# Adding A Closet



## joecaption (Nov 30, 2011)

What's that on the floor, carpet?
How deep is that area?


----------



## Hurriken (Jul 7, 2008)

It is 22 year old carpet. We are remodeling some other things and the carpet will be replaced in the end. If you mean the foundation wall, it is 40" from the floor to the outside ground level. The back wall is against the crawlspace so there is some room to work with.


----------



## Hurriken (Jul 7, 2008)

I didn't realize until today what you were asking. The depth is 29 inches.


----------



## Colbyt (Jan 27, 2014)

It is an easy project and you have most of the details worked out.

The only issue I see is that return air will need to be moved to a location where the air can flow. I don't think behind the aquarium counts. The is no rule against having an outlet inside a closet so you don't have to move it unless you want to. You may have to add one to the room to meet the 6' spacing rule. 



> The depth is 29 inches.


So you will net 25 or 27 depending on which way you run the studs. Either way and size are fine.


----------



## Hurriken (Jul 7, 2008)

Here is two pictures showing the vent from both sides of the wall. The second is taken in the crawl space. The "closet" measures W82"xD29"xH88 1/2".


----------



## mae-ling (Dec 9, 2011)

Reusing the paneling from "inside" the closet is a definite possibility. As is redoing the entire wall and making it a "feature wall". 
Does the crawl space go behind the fish tank wall? If so it may be easy to relocate the cold air intake there. 
If not consider relocating it to the end of the closet near the fish tank. then box it in coming out to the front wall of the closet. so inside the closet there will be a little box on the corner encasing the ductwork. Your doors would start beside this and go to the other side wall or as far as you like.


----------



## Hurriken (Jul 7, 2008)

If you don't mind I will continue this post. I have been really busy and not that serious about this project but I need to get going. The closet idea has morphed into something a bit different. We would like to build something like in this link.
http://www.thehappyhomebodies.com/2013/11/diy-how-to-build-wall-of-closets-from.html

I was wondering If I should leave the existing walls and build MDF boxes into like the link? I can build a platform on the floor and move the cold air intake through it and mount it in front. I could also mount the electrical outlet there but I'd need to learn how to do that. 

Any ideas or input is always appreciated.


----------



## Colbyt (Jan 27, 2014)

It can work and you can learn. For the return it is the total square inches. Long and not too tall works as well as a box. For the wiring you might get lucky and be able to move the entire box.


----------



## glenkpineda (Dec 15, 2015)

I agree with Colbyt's point


----------



## Mingledtrash (Nov 27, 2015)

It seems like they made millions of this **** in the seventie's it was usually originally faux wood.
here is a source for unfinished replacement if you need. also lowes sells some similar paneling.
http://www.mantelcraft.com/plywood-wall-paneling/birch-random-plank-paneling-unfin-veneer/










most people just painted over it.
http://www.apartmenttherapy.com/the...-makeover-makeovers-decorating-project-212482


----------



## Hurriken (Jul 7, 2008)

I like that a lot.
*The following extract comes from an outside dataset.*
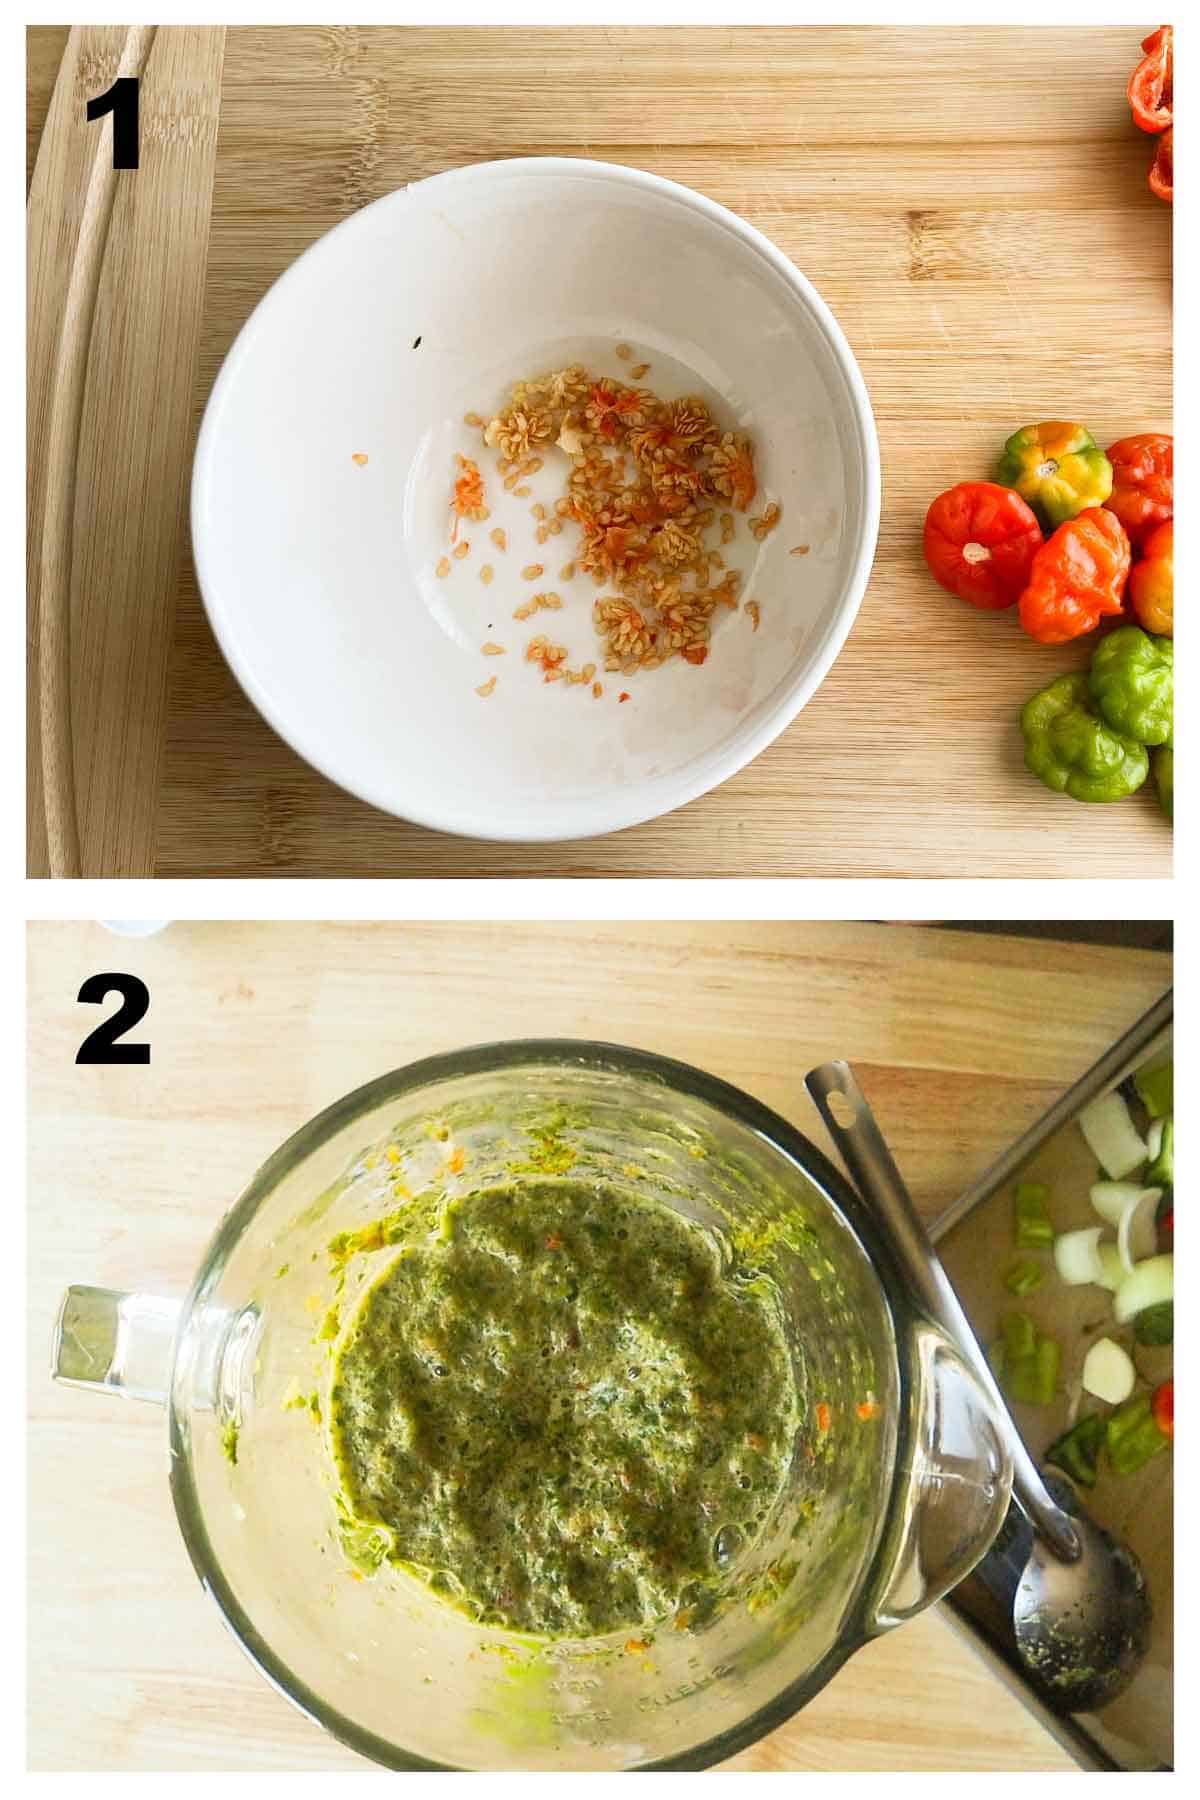 steps on how to make homemade sofrito.

Thanks for posting. 

I was thinking that the air intake duct would be easy to extend but I found something that might slow me down. The electrical outlet is actually inside of the cold air intake!



















I could extend it and mount it on the closet base next to the air intake, however I have my aquarium plugged into that so the cord would always be exposed. I think I will move the outlet to the left of the closet.
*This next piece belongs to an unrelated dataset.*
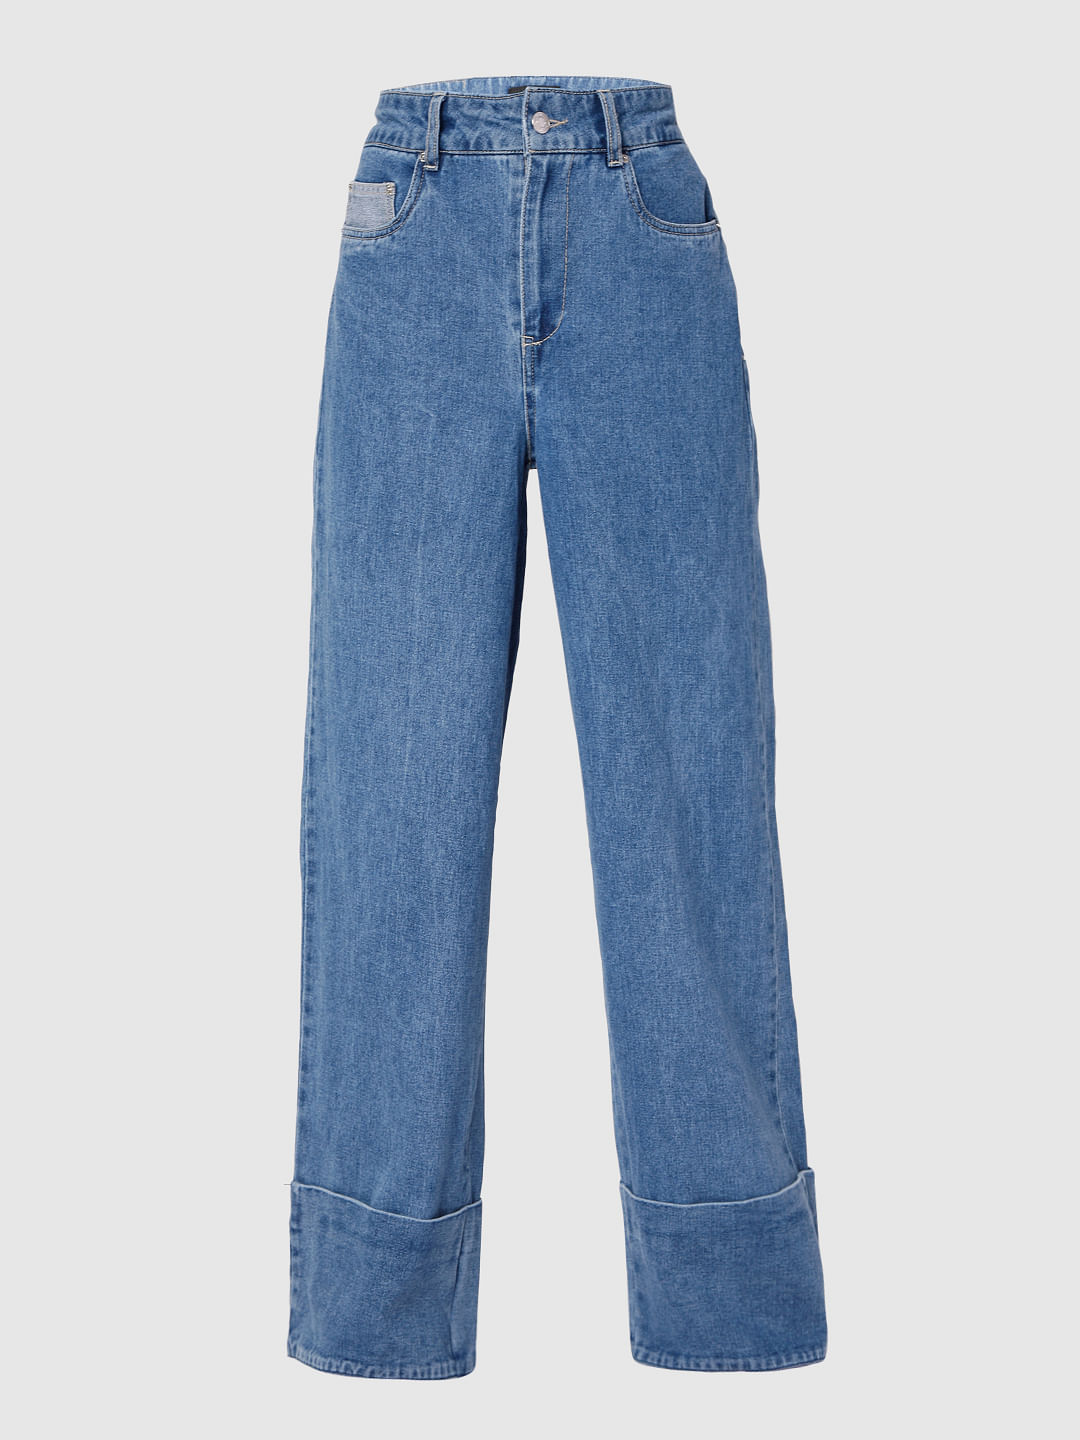 Buy Mens Dark Blue Denim Jeans Online | Merchant Marine

I was just thinking, can I just do this or would I need a building permit?


----------



## Mingledtrash (Nov 27, 2015)

The electric wiring in the plenum is a big no no. get it out of the duct. as far as permit goes you would have to ask your local code authority.


----------



## Hurriken (Jul 7, 2008)

So the first thing I need to do is move the outlet. I would have to extend the wire about 5.5 feet, not to mention the conduit. I'm assuming I would need to redo all the wiring from the Circuit breaker or can I just splice it in?

City says I need a permit to do anything electrical.


----------



## Hurriken (Jul 7, 2008)

So this was the week I was supposed to get a big jump on this project. I took the week off of work. I woke up sick as a dog Sunday and really wasn't myself until this morning. Sunday while I was sick the internet went out. Long story short. The ISP blamed it on me, I disassembled my computer setup trying to fix it, then the ISP called and said Whoops it's us but didn't get service back up until today(Wednesday) and it somehow screwed up my router so all the settings had to be redone. Then there is a dead mouse in the attic over one of the closets. We sure can smell it but after 2 hours searching I couldn't find it. And finally I was able to start working on this confounded closet.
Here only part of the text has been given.